## [TASK]
Write out the lines of the material below exactly, beginning at the line with "Обои танцующие девушки красивые" and stopping after the line with "台南市警二分局為遏止酒駕行為", and leave out the pictures.

## [RECORDS PROVIDED]
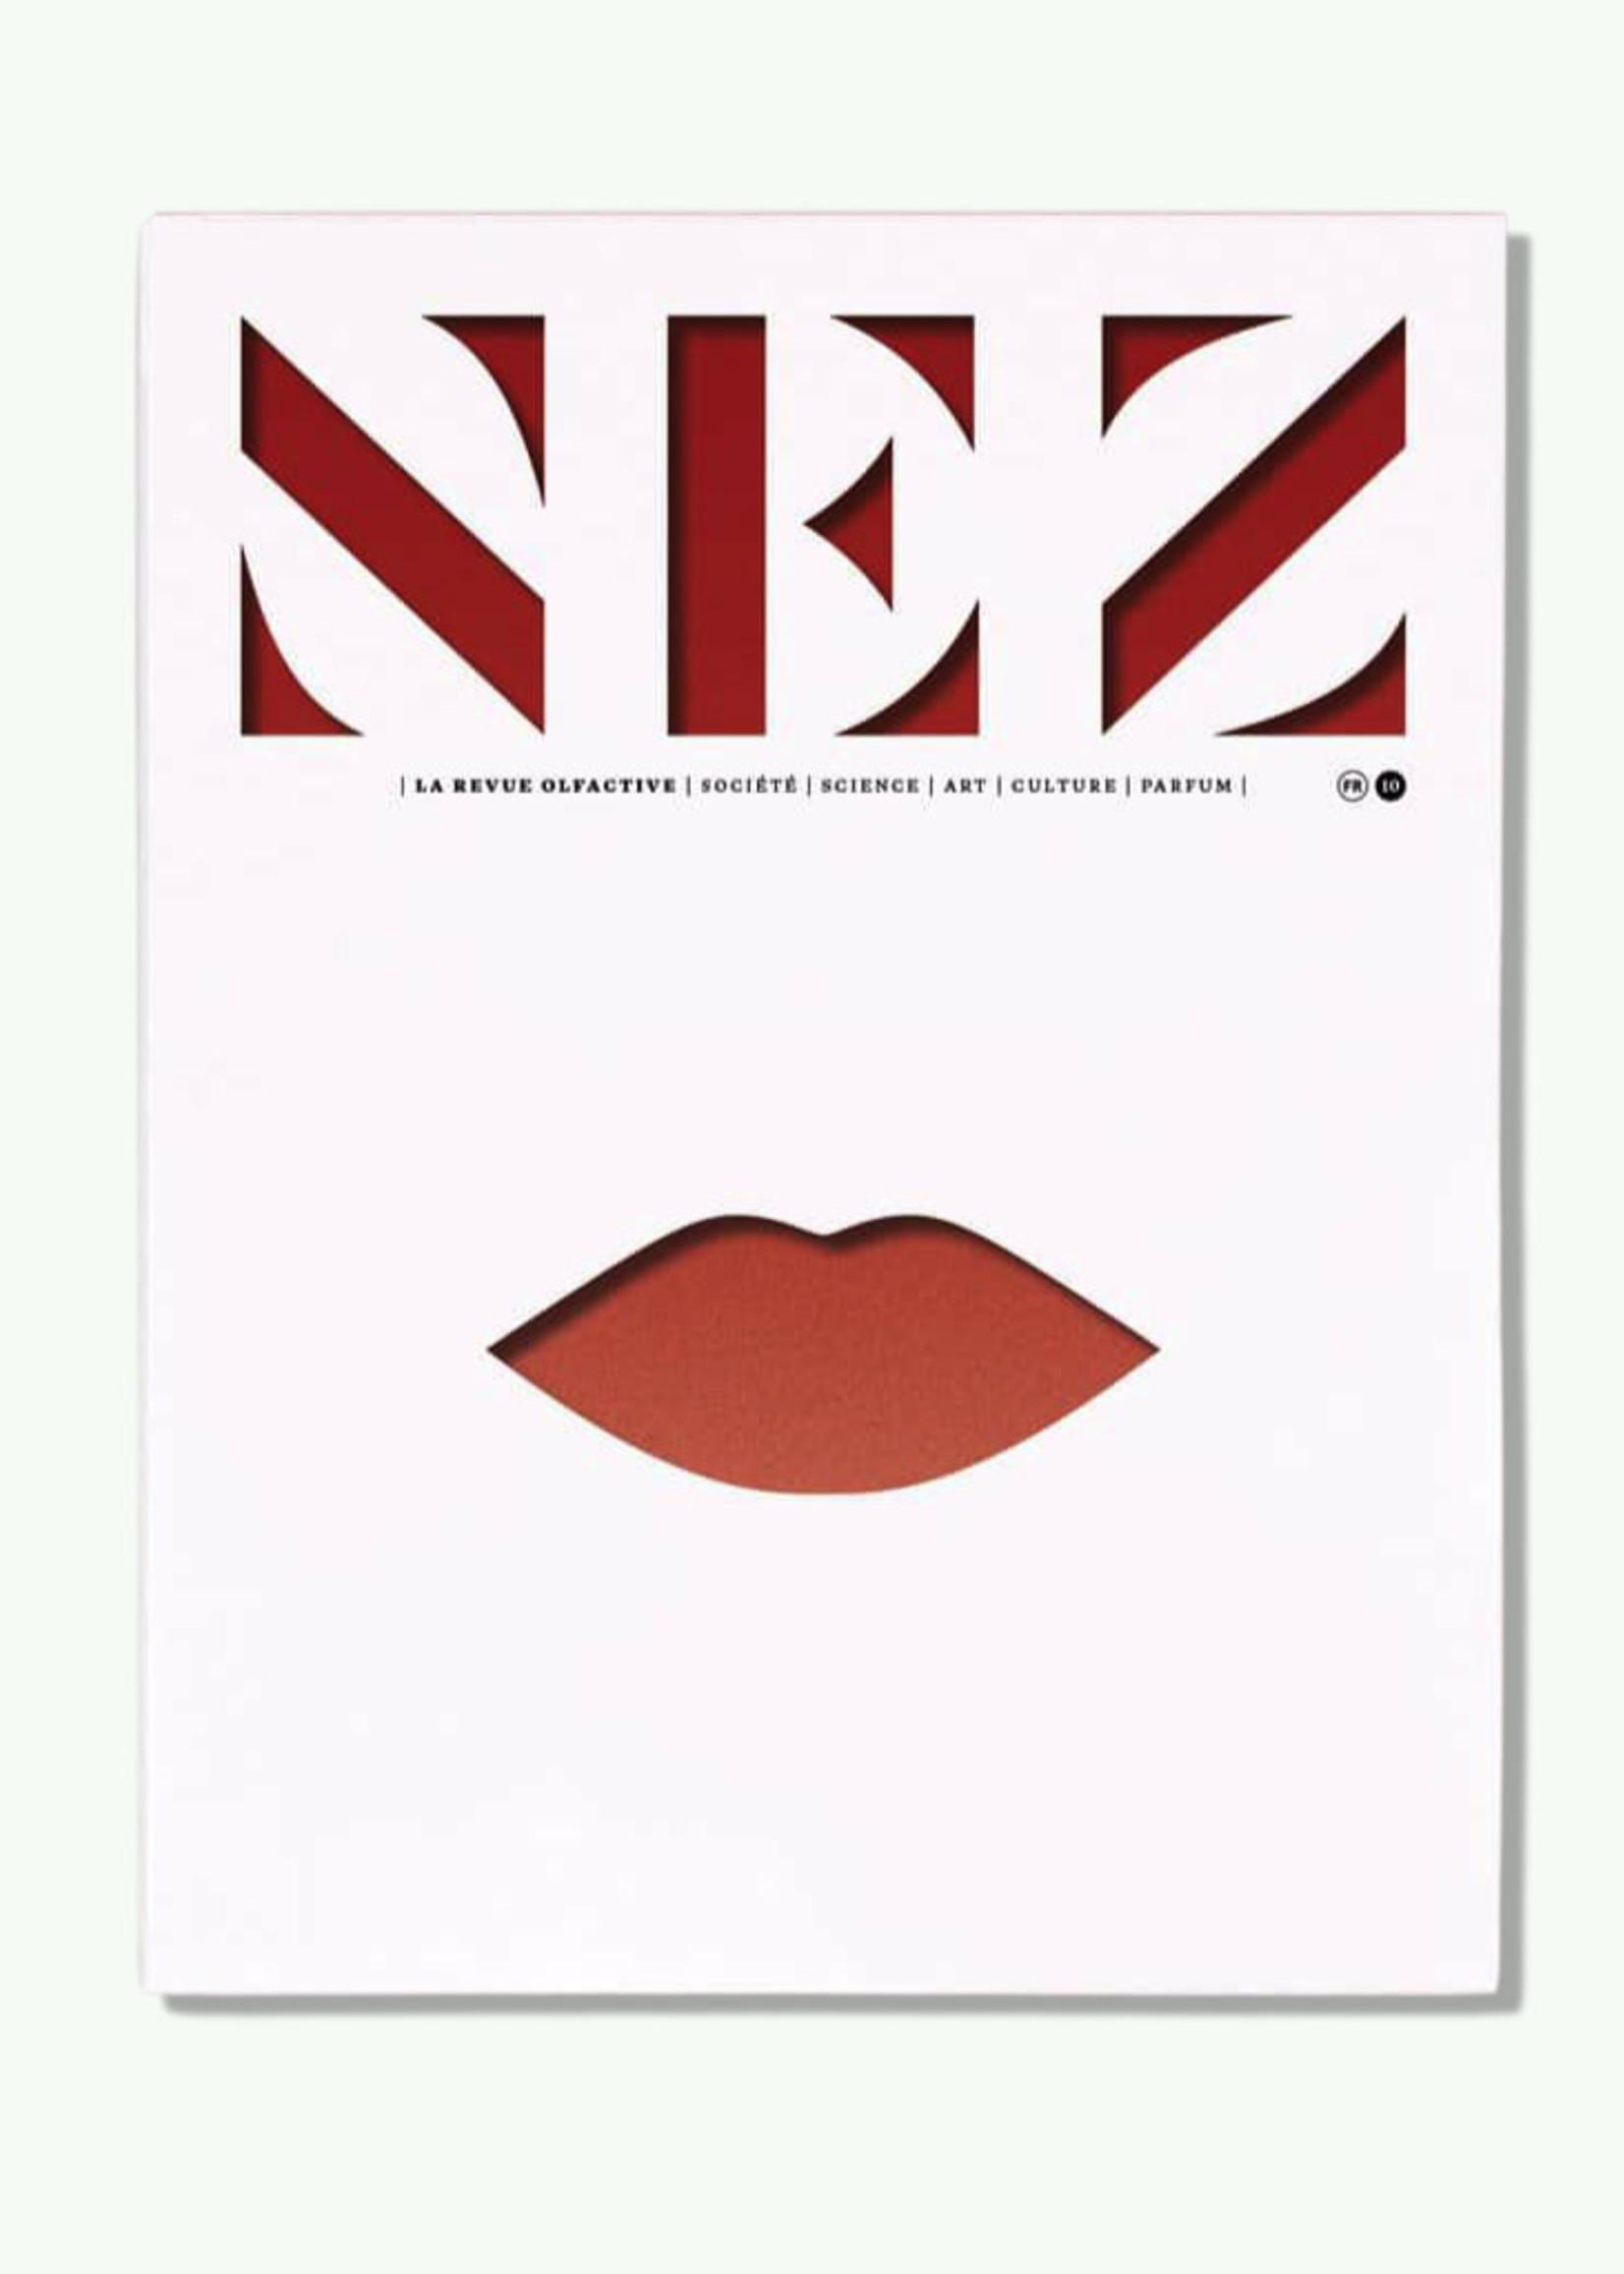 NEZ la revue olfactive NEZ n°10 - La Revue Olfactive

...

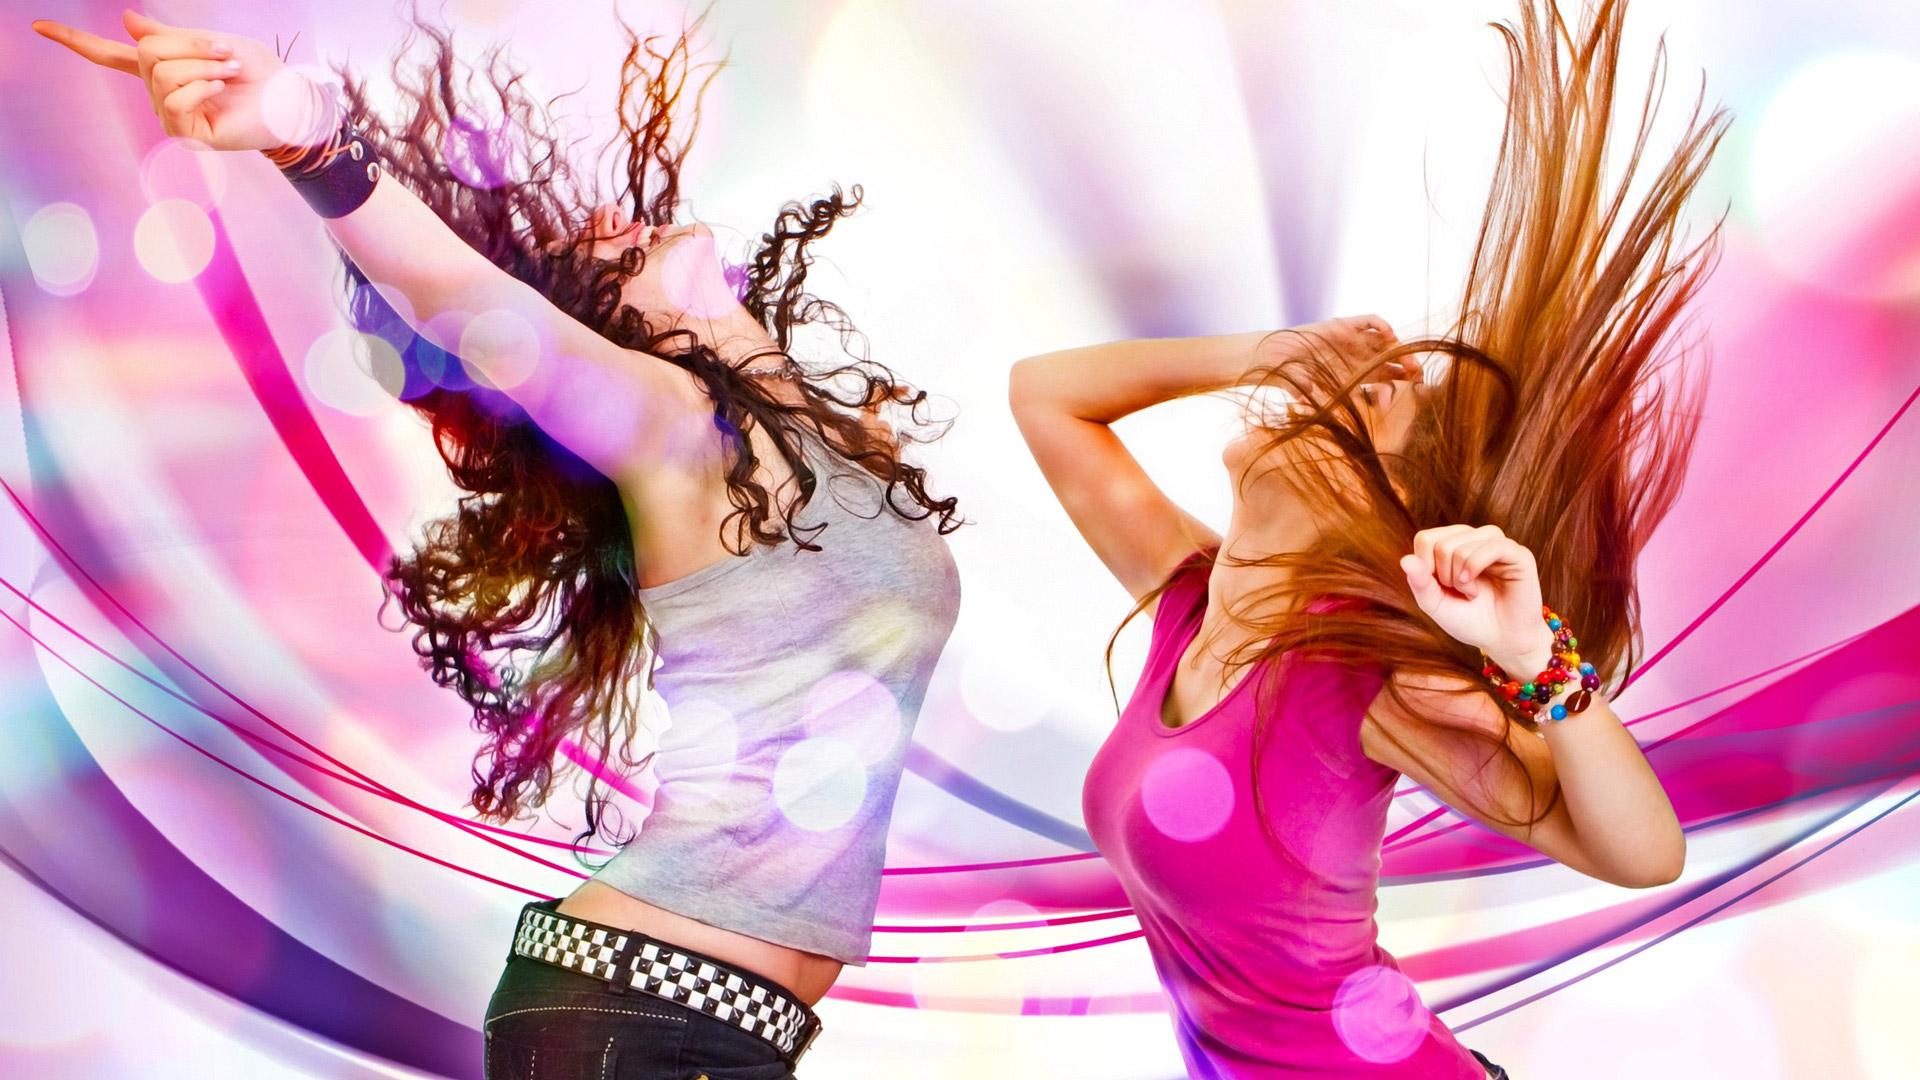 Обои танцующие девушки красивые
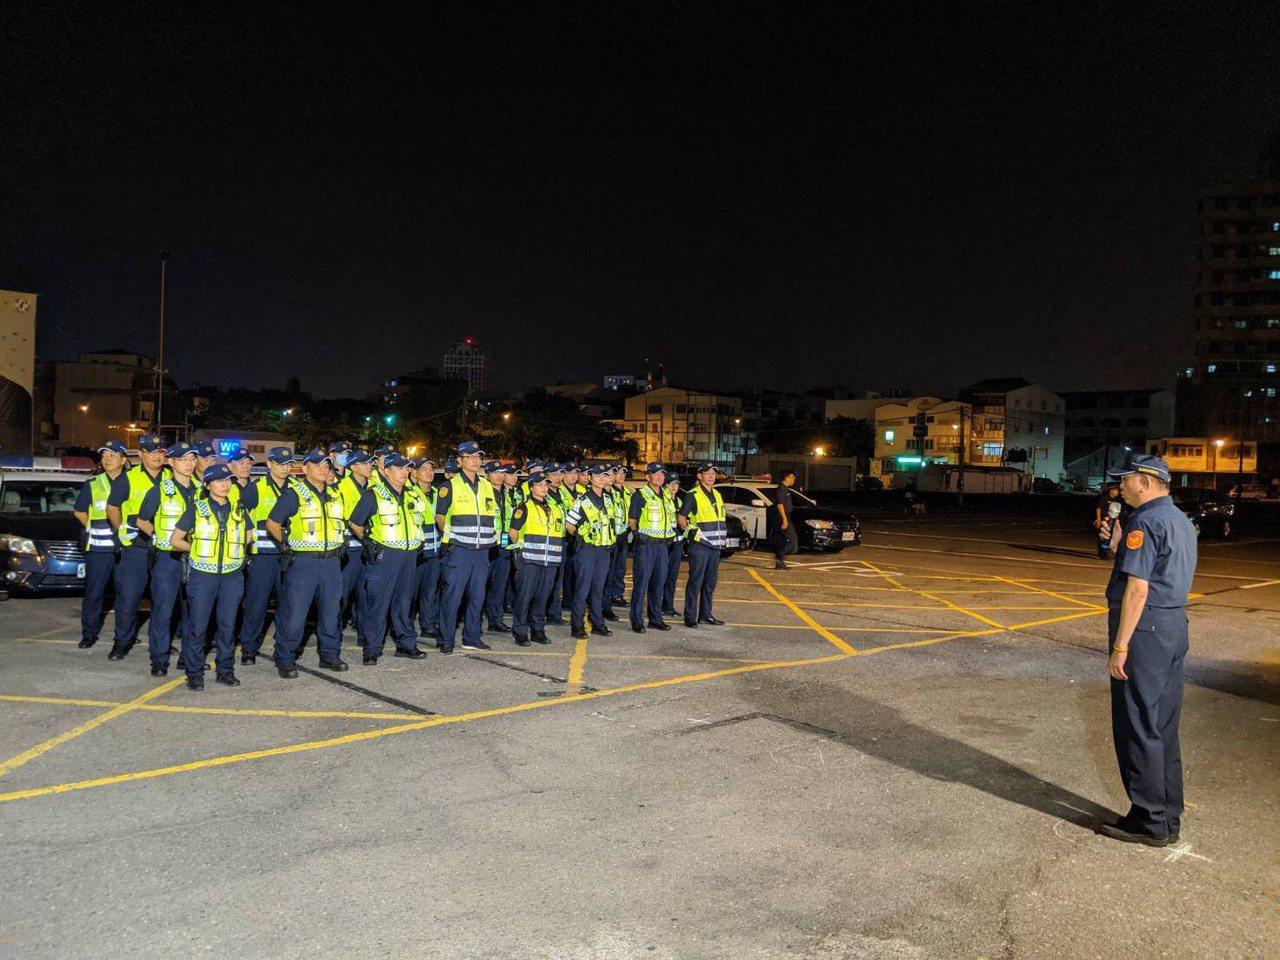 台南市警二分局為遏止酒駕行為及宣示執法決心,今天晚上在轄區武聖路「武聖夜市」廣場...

## [RESPONSE]
 Обои танцующие девушки красивые
 台南市警二分局為遏止酒駕行為及宣示執法決心,今天晚上在轄區武聖路「武聖夜市」廣場...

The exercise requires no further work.